On écluse le vin chaud. Pardon, chapeau ! C’est des techniciens, chez Valentin ! Il est sucré, poivré, cannellisé à point ! Un nectar (de vigne).

— Qu’est-ce que t’en penses ? triomphe le Gros.

Je rends à son vaillant pays natal le vibrant hommage qui lui est dû. Béru profite de la chose pour annoncer au peuple ébloui que je suis le limier number one de France. Ça ne les épate guère. Ils ont beau être de la brousse, ils n’aiment pas le poulaga. Ce qu’ils ressentent pour les messieurs de notre profession ressemble à de la méfiance, à de la répulsion, à de la honte ! C’est tout juste s’ils ne murmurent pas : « Y a pas de mal », histoire d’être courtois.

Le Mastar me beurre la tartine à tout-va, comme quoi aucun mystère ne m’a jamais résisté. J’ai dénoué les affaires du siècle. Partout où je passe, les points d’interrogation tombent comme la luzerne sous la lame d’un faucheur.

On recommande un second saladier, puis trois, puis quatre. La fumée emplit la salle. Le brouhaha des conversations fait penser au Parc des Princes un jour de Tournoi des Cinq Nations. Complètement naze, le Gros chiale sur son tonton disparu.

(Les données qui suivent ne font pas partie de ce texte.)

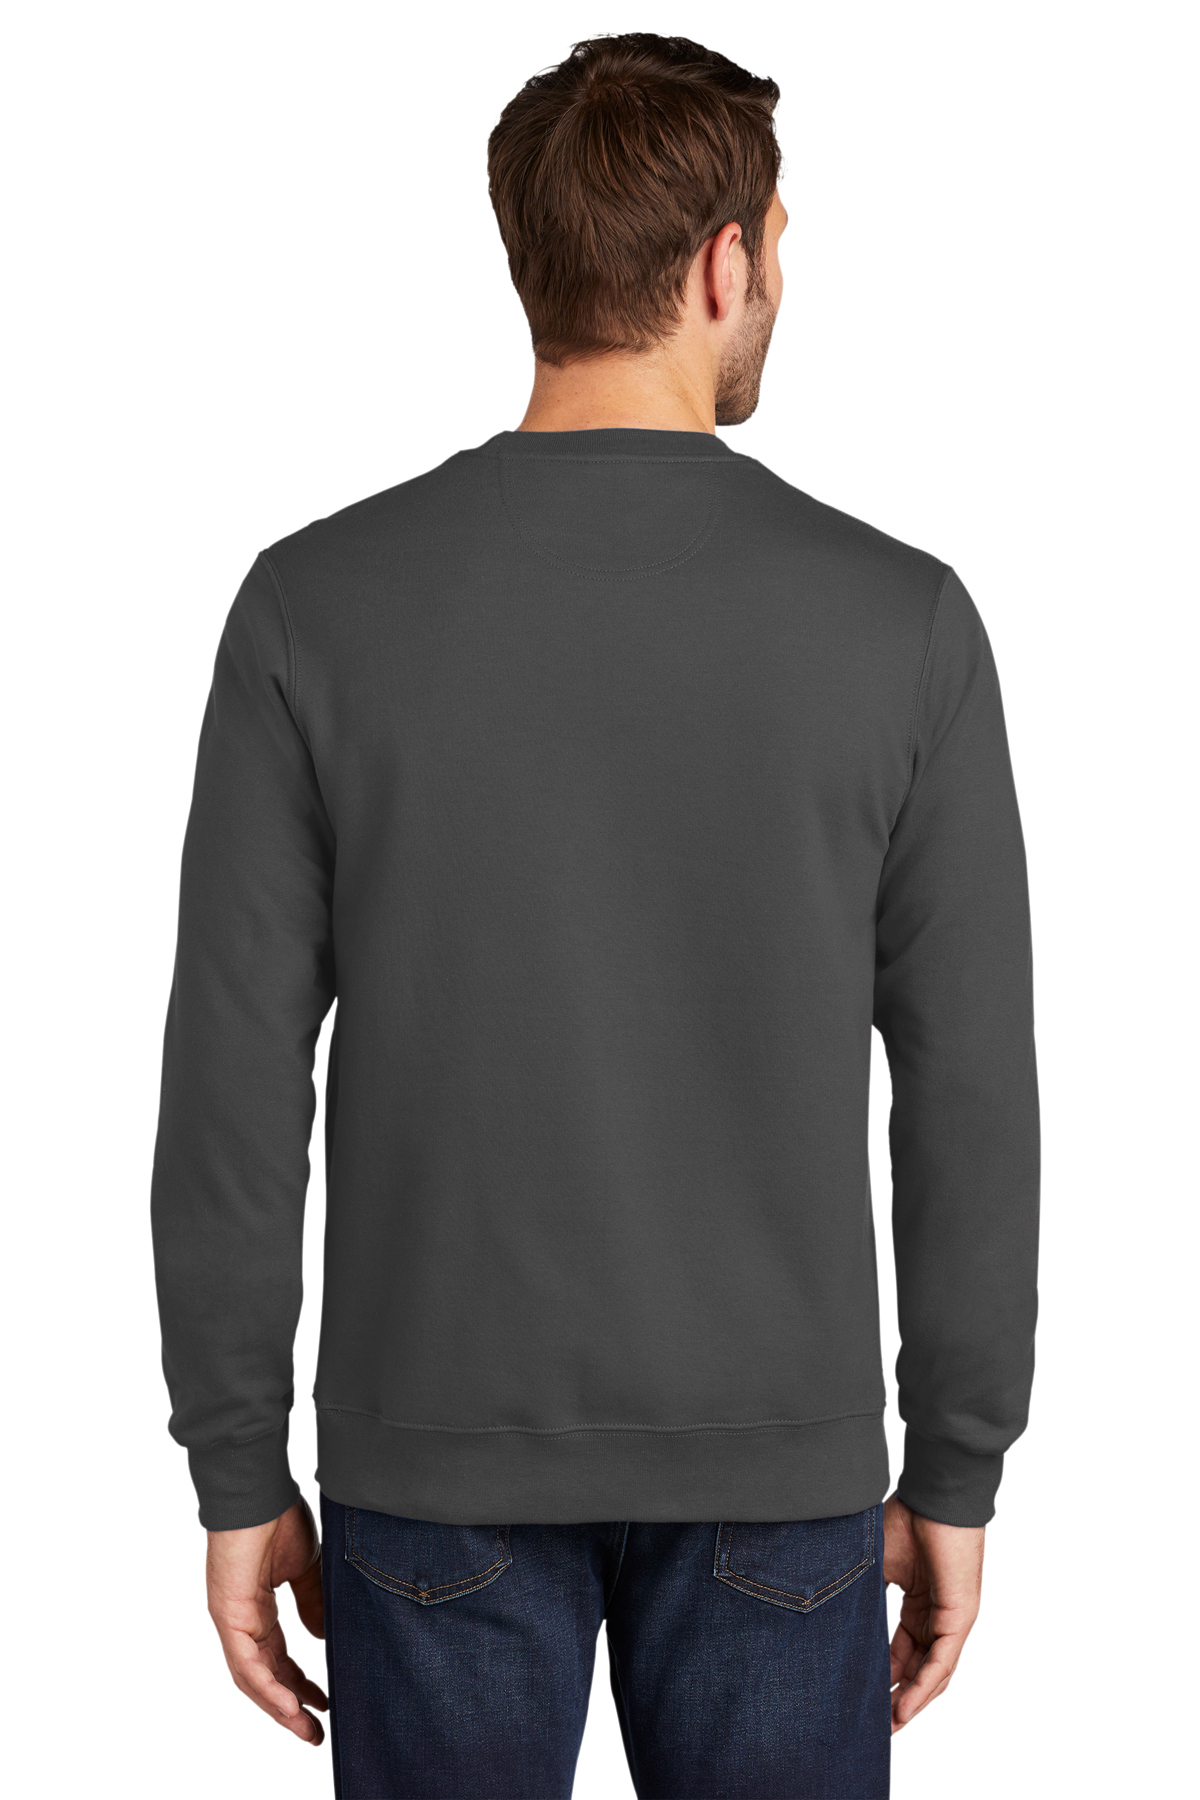 Port & Company ® Fan Favorite™ Fleece Crewneck Sweatshirt | Product ...

— Je l’avais pas revu depuis mon mariage, révèle-t-il, mais je pensais souvent à lui. Un grippe-oseille, d’accord ! Un taciturne, re-d’accord ; mais c’était l’homme intègre. La grande tradition française ! Des comme lui, le moule est cassé ! Verdun ! Médaille militaire ! Croix de guerre avec plus de palmes qu’un élevage de canards ! Et une voix comme l’Opéra paierait chérot pour en avoir ! Il te vous interprétait « les Bœufsde Pierre Dupont, à la Chaliapine, le tonton Prosper ! Le plus bel organe du département ! A son bel âge, on se l’arrachait pour les banquets ! Quand le dabe du notaire actuel est clamsé, c’est lui qui s’est farci la messe braillée bien qu’il fût anticlérical. Tout le monde pleurait !

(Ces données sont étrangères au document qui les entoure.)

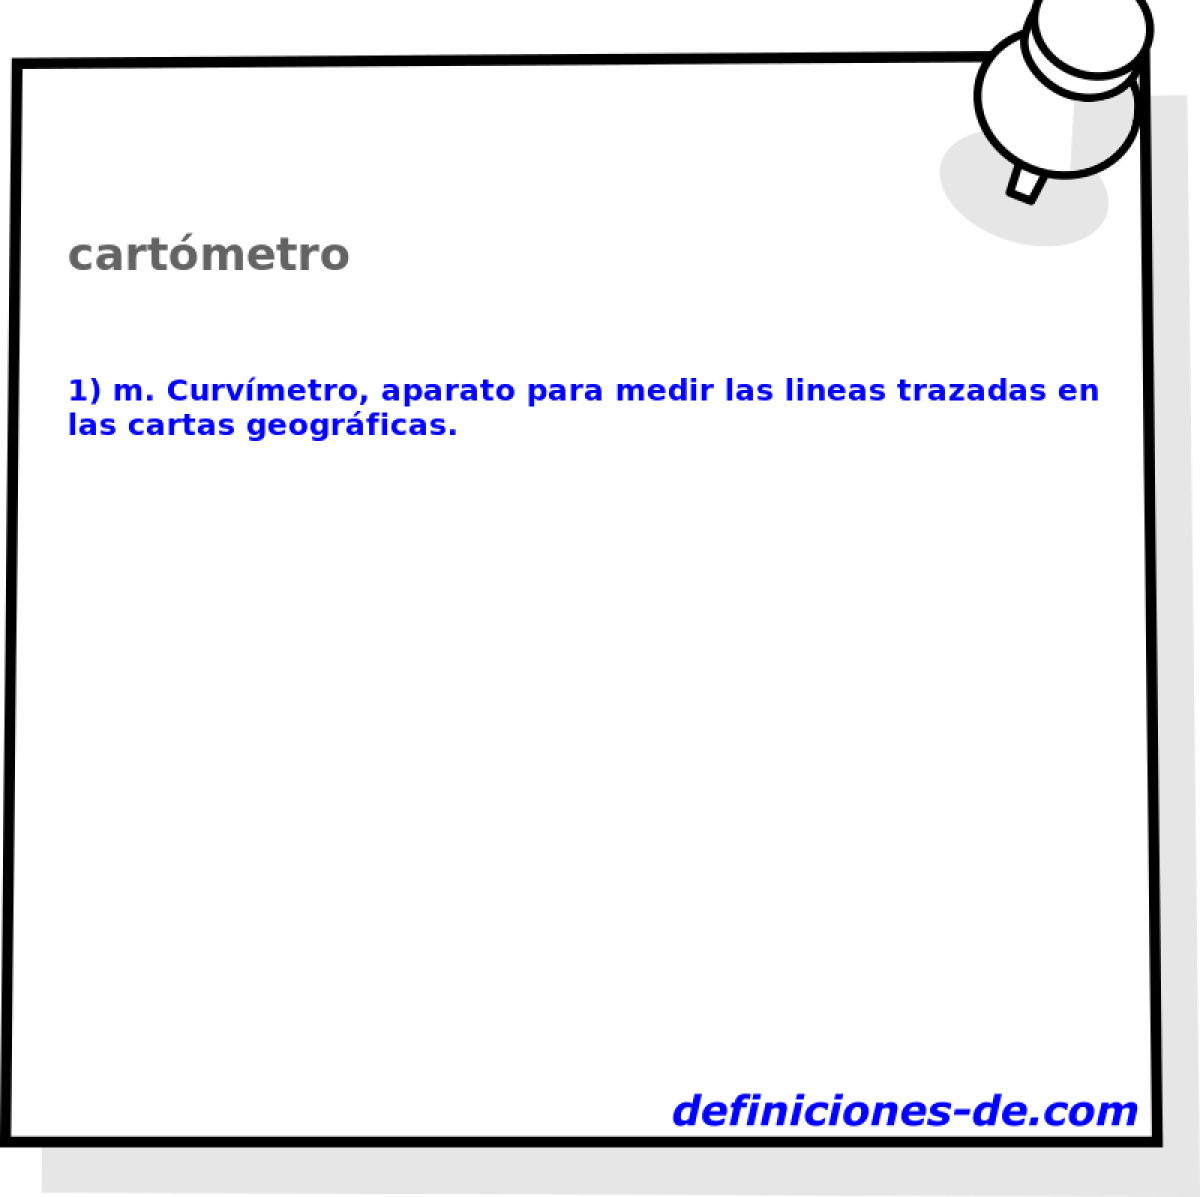 cartmetro

Et sa réputation ne se limitait pas seulement à sa voix ! Dans le pays, on le savait, qu’il était doué par la nature, Prosper ! Les dames le mataient avec crainte et envie. Elles se demandaient toutes si elles étaient capables de lui héberger sa Gemini VII au tonton Bérurier. Ça se chuchotait, les échecs de certaines ! Y avait eu des grincements de dents chez les juponnées du canton, des clameurs désespérées, sur l’air de « J’ai beau m’asseoir dans la vaseline ».